By Joseph Carboni
I’ve been taking a course through Codecademy on Machine Learning. Let me tell you, it’s great – worth the money. If there’s one thing I’ve learned so far, it’s that implementing a machine learning model is shockingly easy. Understanding what you want and how to format the data is more challenging than the act of creating the model itself!
Training a Random Forest Classifier
I have an entity matching problem, basically taking a single string that may contain a customer’s name and location, but not always, and I want to match them to customer entities in my database. My fuzzy-matching scheme used for the past year was starting to degrade in performance, and it was only maybe 70% accurate.
So, with 5,000 verified matches, I pulled my correct matches from my database, supplemented it with wrong matches (you want this for training), and used my fuzzy-matching scores (levenshtein, jaro-winkler, etc.) as features.
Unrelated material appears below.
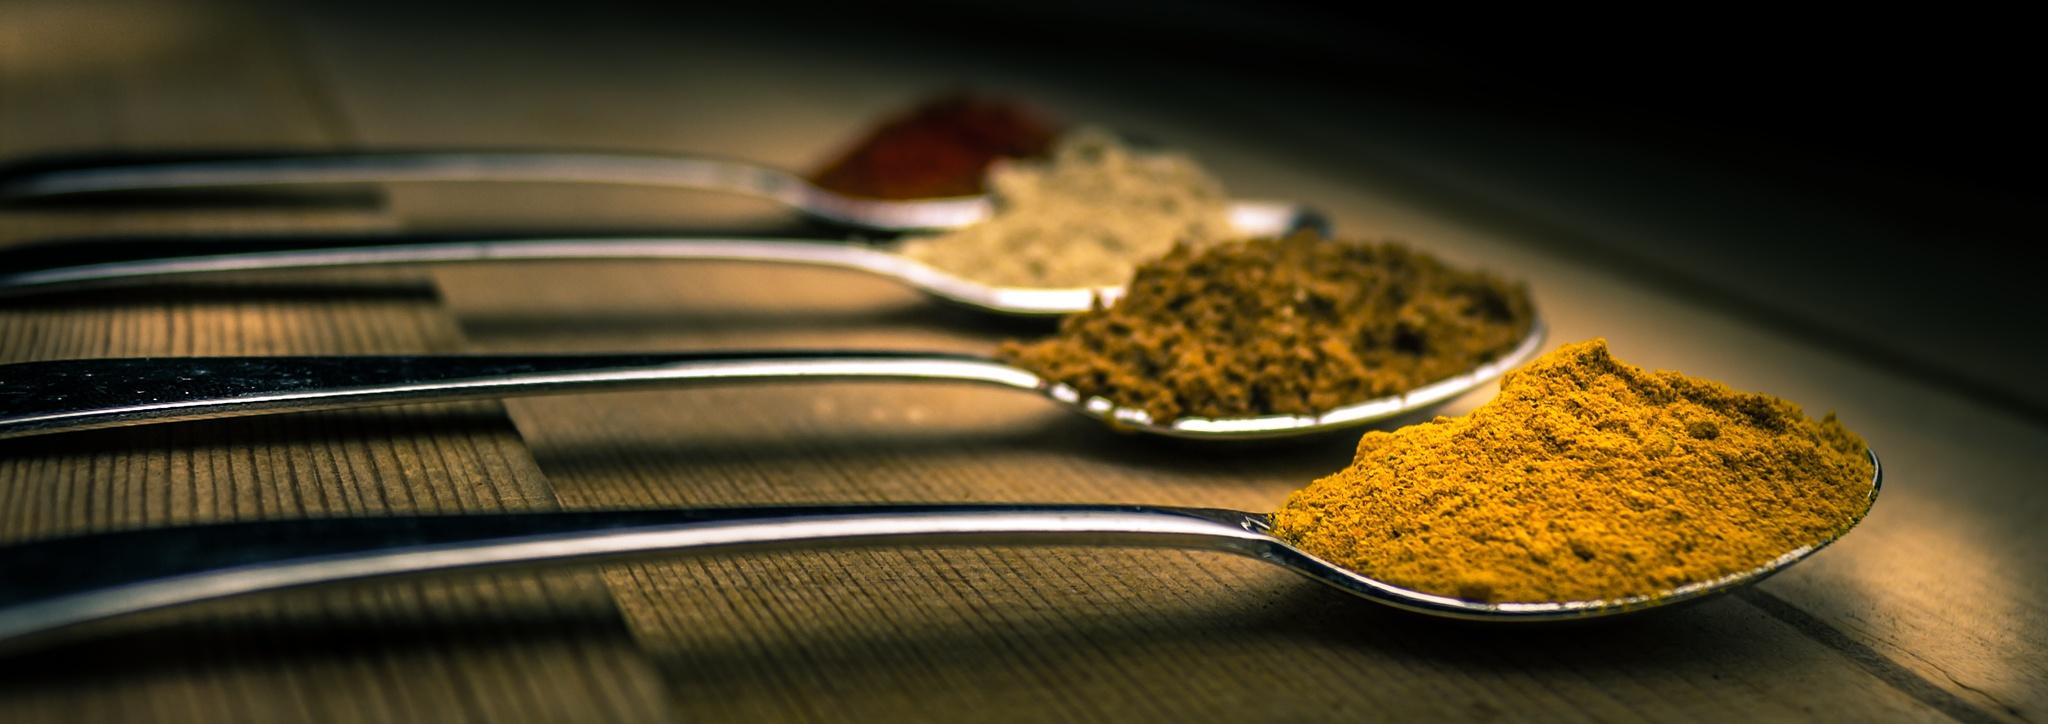 Spices 4 by Ashraf Sabbah

Then I trained a Random Forest Classifier from scikit-learn.
from Levenshtein import ratio, jaro_winkler
import pandas as pd
from sklearn.model_selection import train_test_split, GridSearchCV
from sklearn.ensemble import RandomForestClassifier
from sklearn.metrics import classification_report
MAX_CORES = 10
RANDOM_STATE = 42
### data preparation ###
### ... ###
#########################
X = training_data.loc[:,'indel_score':]
y = training_data['is_correct']
X_train, X_test, y_train, y_test = train_test_split(
X, y, test_size=0.2, random_state=RANDOM_STATE
)
param_grid = {
'n_estimators': list(range(100,1100,100)),
'max_depth': [None, *list(range(100,1100,100))]
}
model = RandomForestClassifier(random_state=RANDOM_STATE)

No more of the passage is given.